Sundaramoorthy stresses the importance of crafting a secure, top-down approach to integrating AI in applications as challenges like AI hallucinations persist. The full return on AI investment (ROI) remains uncertain in practical environments. Generative AI can also fail in innocuous or malevolent ways. A malevolent failure could see an intruder breaching AI defenses to extract sensitive data like passwords. Conversely, an innocuous failure might allow biased information to slip into AI outputs due to improperly filtered training data. Securing AI solutions effectively requires established methodologies, even amid uncertainties.

Standard bodies like NIST and OWASP provide frameworks for AI risk management. MITRE’s ATLAS Matrix catalogues techniques used in AI attacks. Microsoft and Google offer governance tools and frameworks like the Secure AI Framework to help organizations secure AI. Ensuring data exclusion from training models through scrubbing processes, applying least privilege principles for model fine-tuning, and enforcing stringent access controls to external data can significantly enhance AI security.

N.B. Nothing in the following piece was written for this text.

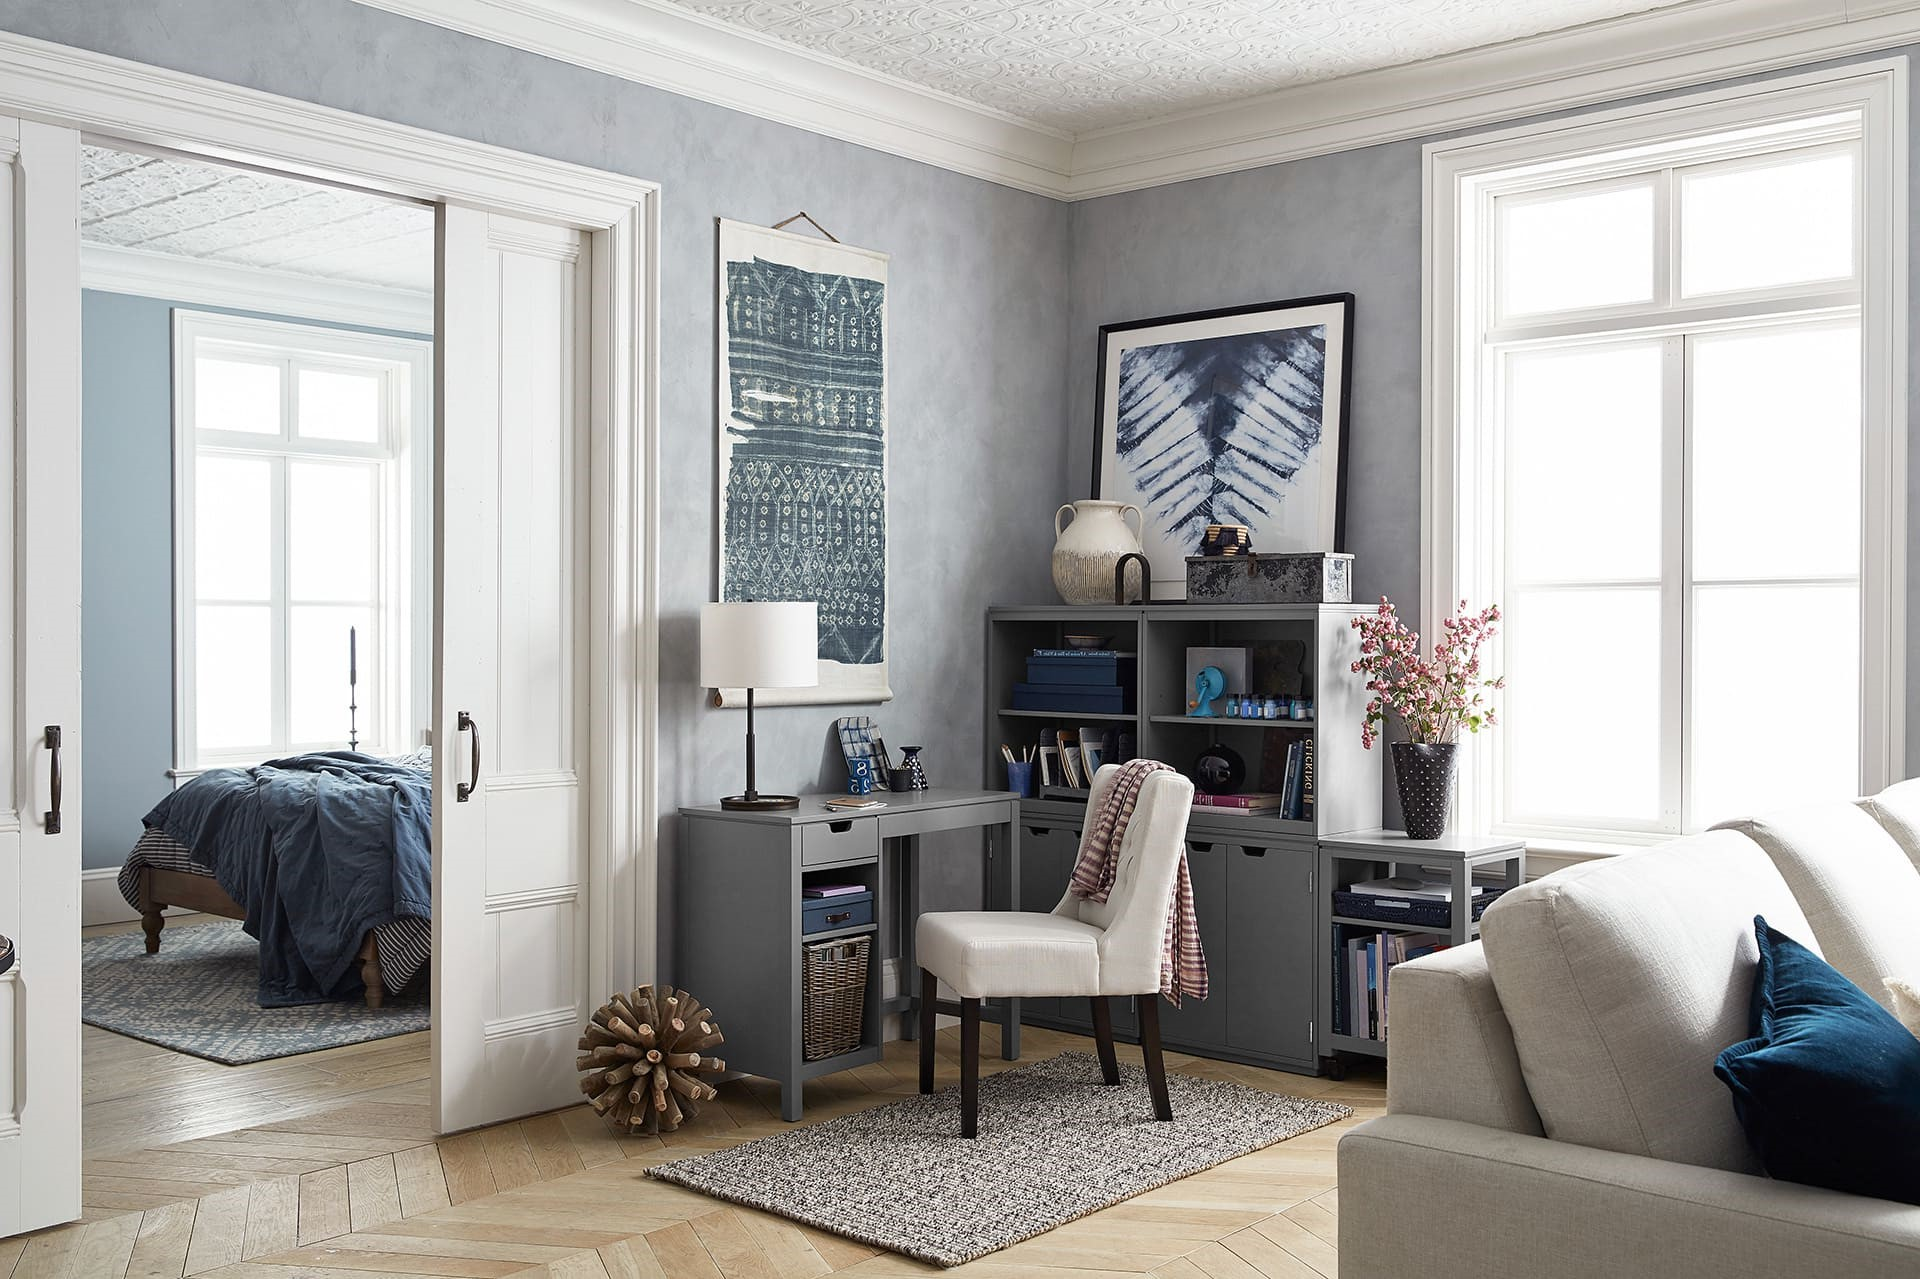 Si vous avez une pièce décloisonnée avec un coin salon éloigné, essayez de placer le bureau derrière votre canapé.
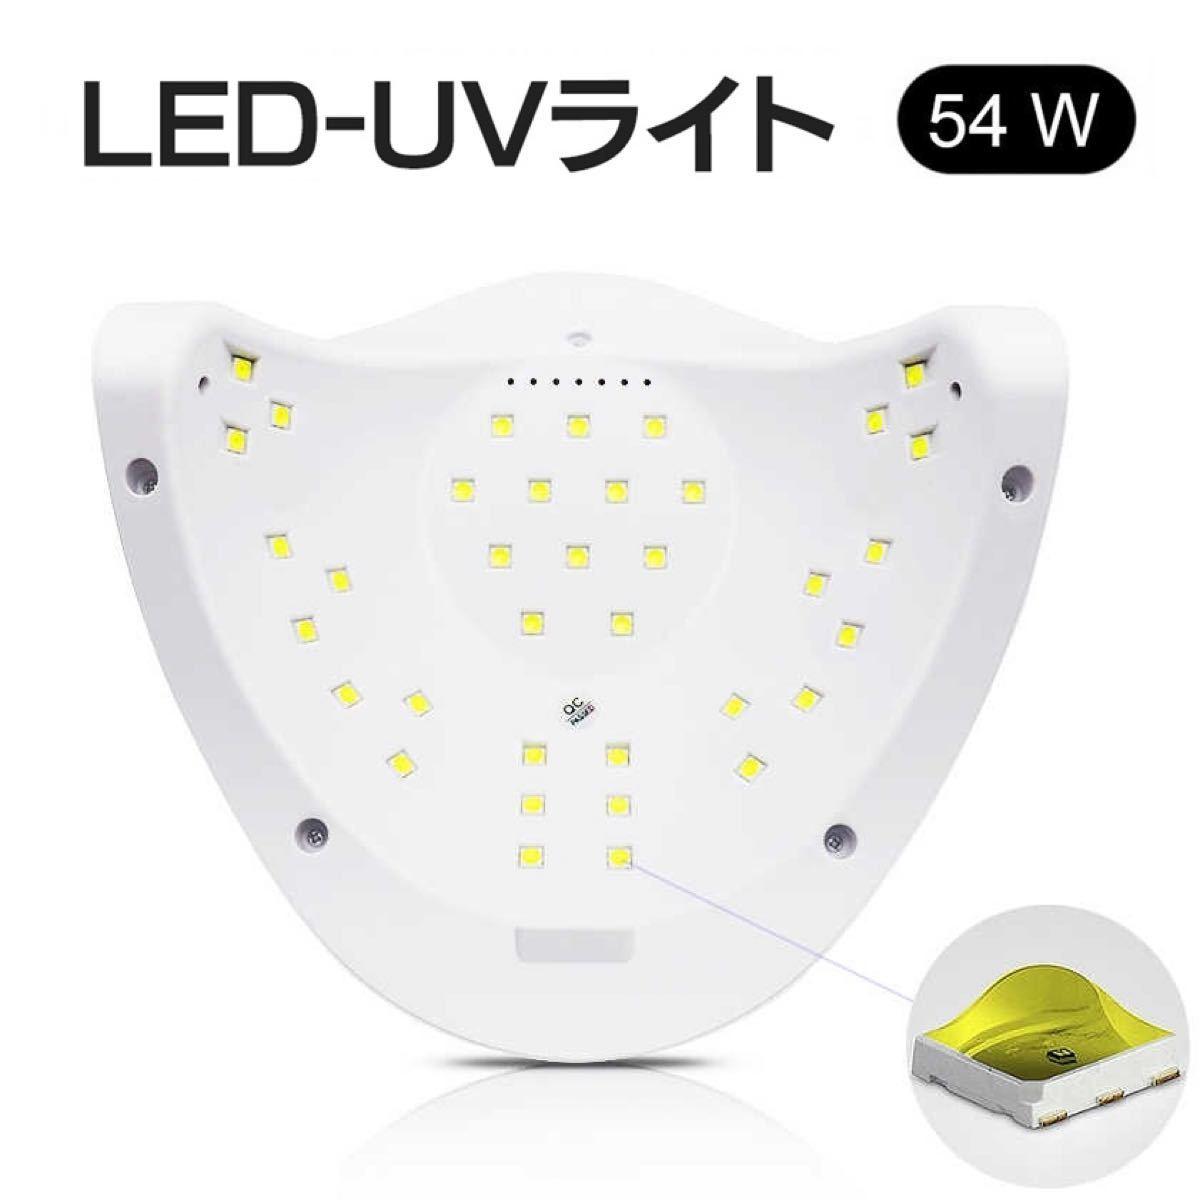 ハイパワー54W ネイルライト ジェルネイル レジン用 LED/UV/レジン

Sundaramoorthy concludes that foundational cybersecurity practices apply equally well to AI security. Reflecting on whether to employ AI, Janelle Shane, AI researcher, suggests that some security teams might choose to avoid AI due to its risks. Sundaramoorthy, however, argues that if AI accesses protected documents, the issue lies in access control rather than AI itself, emphasizing robust control measures as the solution.